Agricultural Improvement at Westerkirk Library

Westerkirk in a detail from John Ainslie, The environs of Edinburgh, Haddington, Dunse, Kelso, Jedburgh, Hawick, Selkirk, Peebles, Langholm and Annan (1812). Courtesy of National Library of Scotland.

One of the fascinating things about working on the records of Westerkirk Parish Library has been watching the way its borrowing records reflect a gradual transition from a miners’ library in the 1790s, to a rural subscription library by the 1810s. This long-term shift is suggested by descriptions of Westerkirk parish and its library in what are often referred to as the “Old” and “New” Statistical Accounts of Scotland, published 1791-99 and 1834-45 respectively. The entry for the “Old” Statistical Account was written by the minister of Westerkirk parish, Reverend William Little, who incidentally donated two volumes of Horne on the Psalms at the library’s inception in 1793. Little records that  ‘The miners are at work only 6 hours a-day; and to encourage them to read, a present was, some months ago, made them in books, by the company, to the value of 15l.; and these, with others, which the workmen have since been able to purchase, amount at present to 120 volumes.’[1]

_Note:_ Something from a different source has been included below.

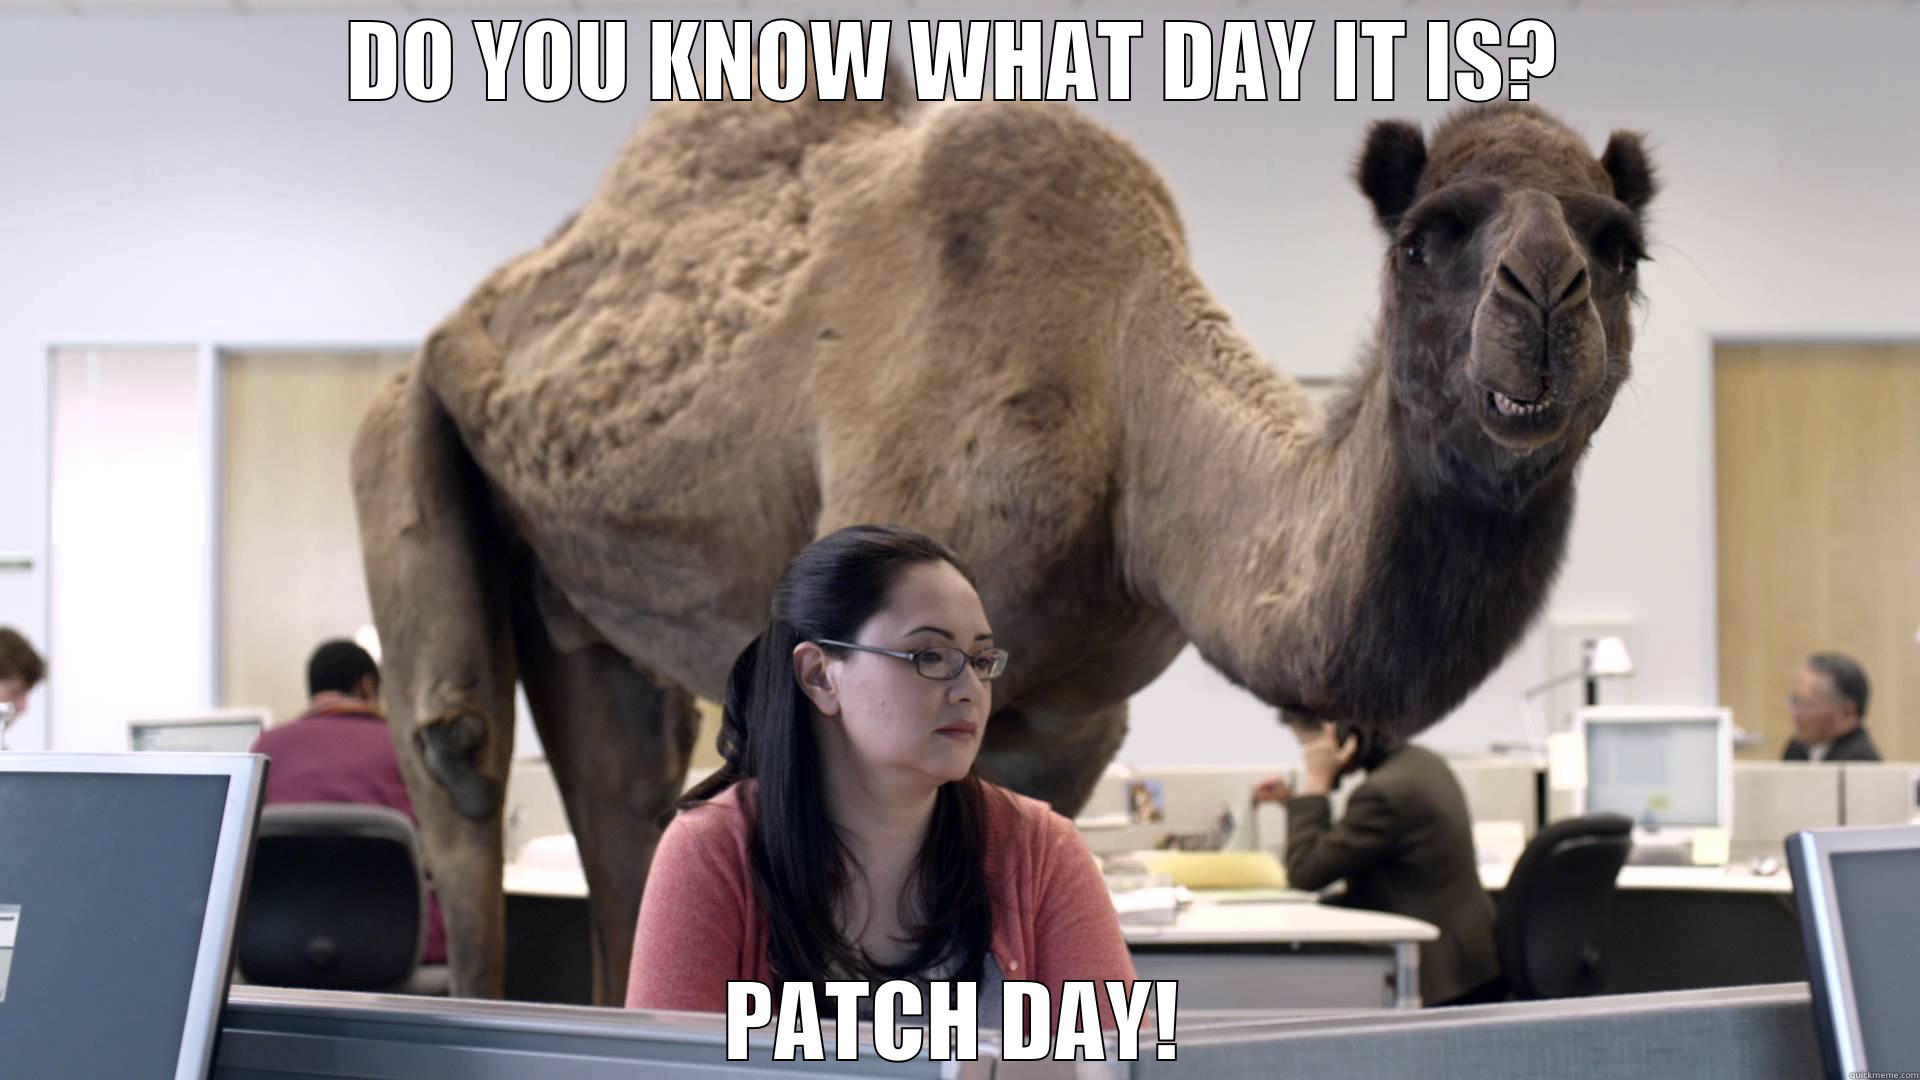 Patch Day! - DO YOU KNOW WHAT DAY IT IS? PATCH DAY! Misc

For Little, the newly founded library was very much for the use of the Jamestown mine and its workers, rather than the parish in general. The entry for Westerkirk in the “New” Statistical Account, on the other hand, suggests the library’s impact on its wider rural environs, noting that,  ‘the lower classes are sober and intelligent. The generality of them are fond of reading; and, as they have an ample supply of books, the shepherds in particular have acquired a degree of knowledge and information beyond what might have been expected from their situation in life’.[2]

Some of the agricultural titles in Westerkirk’s Catalogue. Courtesy of the Trustees of Westerkirk Parish Library.

The question of what shepherds were reading­ (and what people thought they should be reading) fascinates me, as it seems to combine some of the key concerns around social class and the uses of literacy in Scotland during our period. These tended to fall under the broad but sometimes contentious category of improvement, which linked material progress with the spread of knowledge and civility through the social ranks. There’s a substantial body of scholarship on this topic, much of it emphasising the links between literature, reading, and agricultural improvement in particular, and Westerkirk is certainly part of this picture.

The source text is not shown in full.